US 12,423,328 B2
Systems, methods, and apparatuses for automatically classifying data based on data usage and accessing patterns in an electronic network
Marcus Raphael Matos, Richardson, TX (US); Richard Scot, Huntersville, NC (US); Daniel Joseph Serna, The Colony, TX (US); and Matthew K. Bryant, Gastonia, NC (US)
Assigned to BANK OF AMERICA CORPORATION, Charlotte, NC (US)
Filed by BANK OF AMERICA CORPORATION, Charlotte, NC (US)
Filed on Nov. 29, 2022, as Appl. No. 18/071,227.

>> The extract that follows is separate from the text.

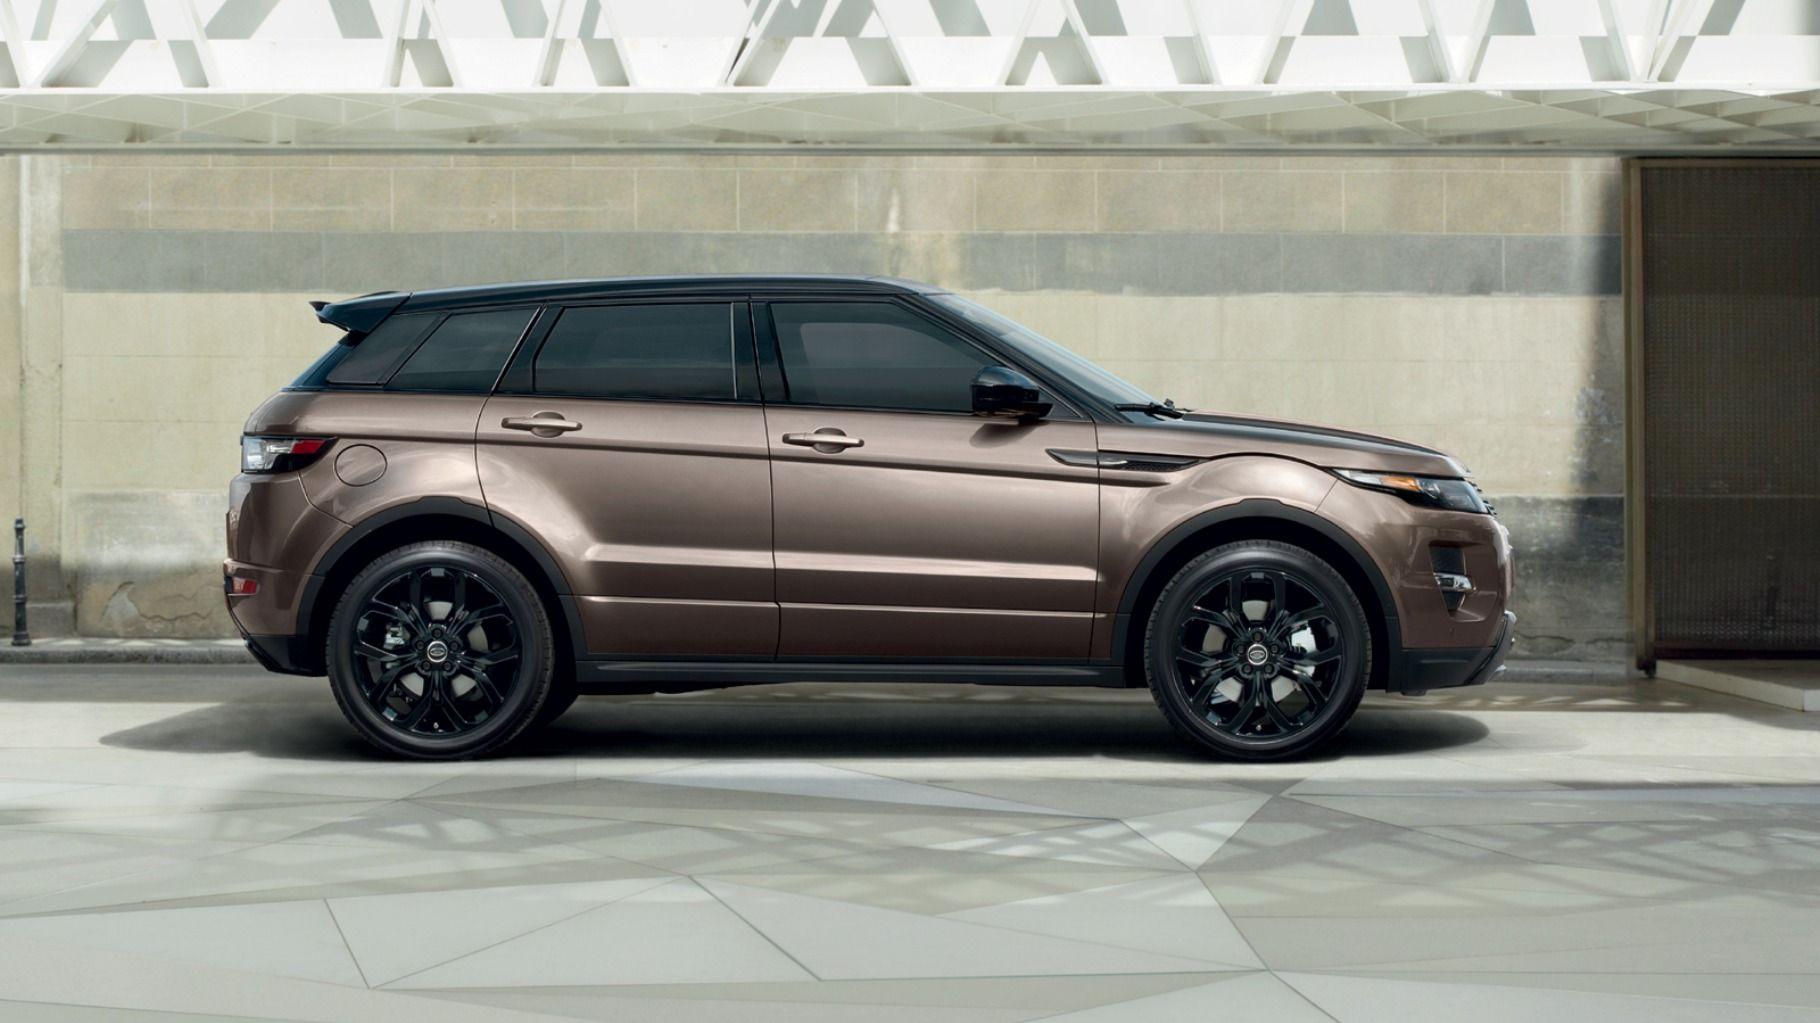 Used Range Rovers >> Range Rover Evoque Bronze | www.pixshark.com - Images Galleries With A Bite!
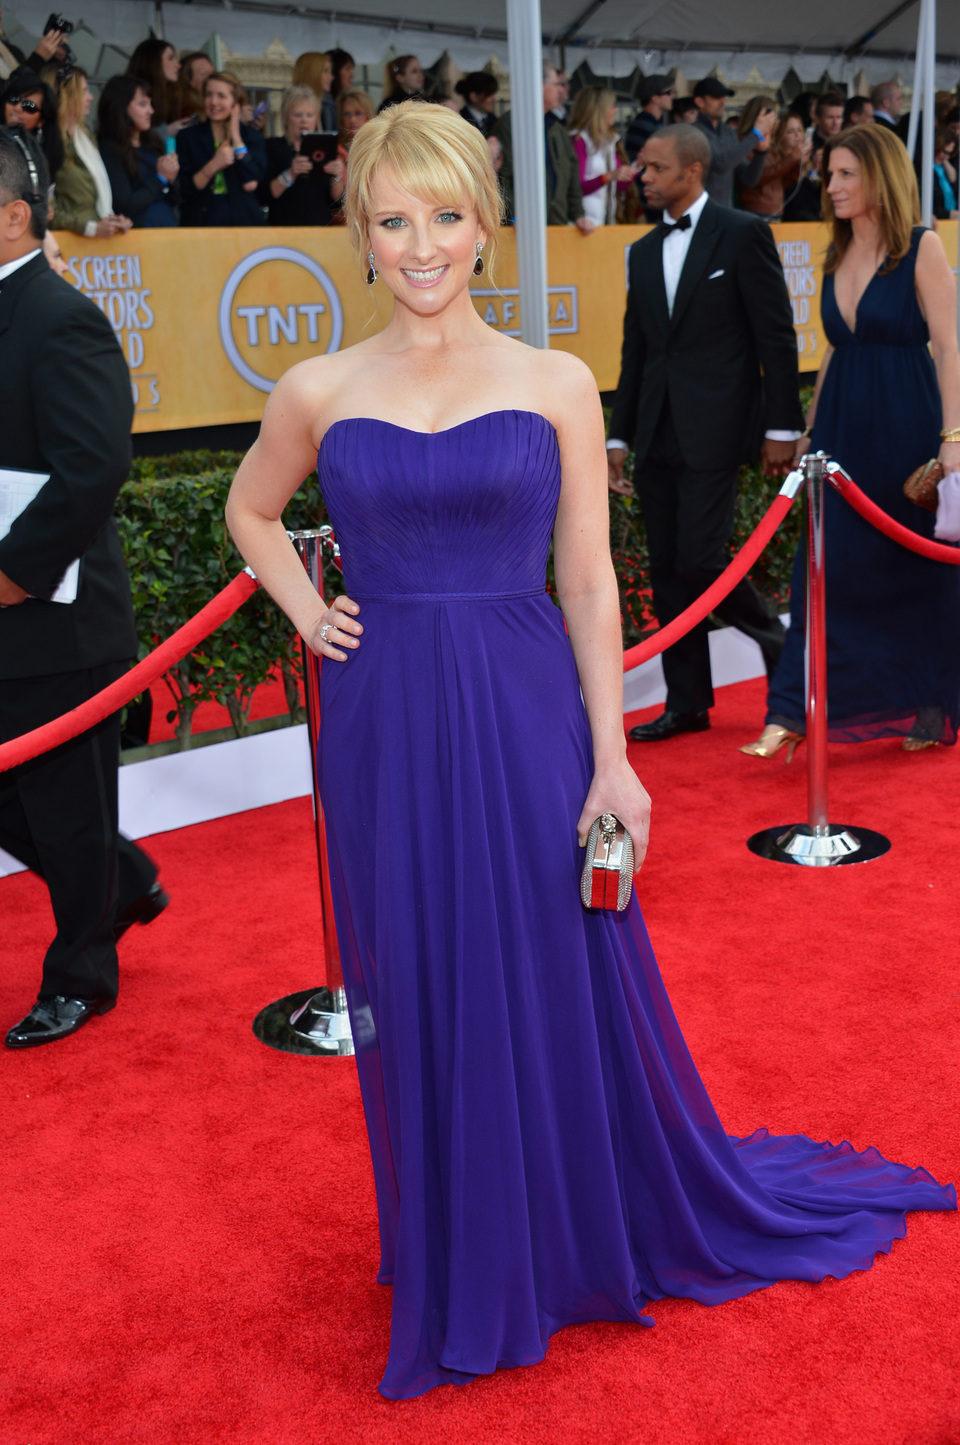 Melissa Rauch en la alfombra roja de los Screen Actors Guild Awards 2013

Prior Publication US 2024/0176804 A1, May 30, 2024
Int. Cl. G06F 16/28 (2019.01)
CPC G06F 16/285 (2019.01) 19 Claims
OG exemplary drawing
 
1. A system for automatically classifying data based on data usage and accessing patterns, the system comprising:
a memory device with computer-readable program code stored thereon;
at least one processing device operatively coupled to the at least one memory device and the at least one communication device, wherein executing the computer-readable code is configured to cause the at least one processing device to:
receive at least one query log comprising a plurality of data identifiers;
generate, by the at least one processing device, a data identifier total based on each data identifier of the plurality of data identifiers;
determine, by the at least one processing device, a data classification for each data identifier based on the data identifier total, wherein the data classification comprises at least one of an important classification or an unimportant classification, wherein the data classification determination comprises:
determining, based on the query log, a source identifier for each data identifier of the plurality of data identifiers,
determining, based on the query log, a target identifier for each data identifier of the plurality of data identifiers, wherein the target identifier comprises a target destination associated with the data identifier,
determining whether the source identifier and the target identifier are different for each data identifier, and
generating, in an instance where the source identifier and target identifier are different, the important classification for the data identifier;
generate, by the at least one processing device, a data catalogue comprising at least one data identifier associated with the important classification;
generate, by the at least one processing device, a wide data classification for each data identifier associated with the importance classification;
generate a wide database comprising a large volume for the data and the data identifier comprising the wide data classification, wherein the large volume comprises an attribute within the wide database for each piece of data associated with the data identifier;
automatically update, based on the wide data classification for each data identifier associated with the importance classification, the wide database with the data and the data identifier of each data identifier comprising the wide data classification, wherein the updating of the wide database comprising a storage of the data and the data identifier;
receive, at a later instance to the generation and updating of the wide database, a query comprising at least one data identifier from the plurality of data identifiers, wherein the at least one data identifier from the query is associated with the wide data classification; and
automatically collect, in response to the received query, the data of the at least one identifier from the wide database.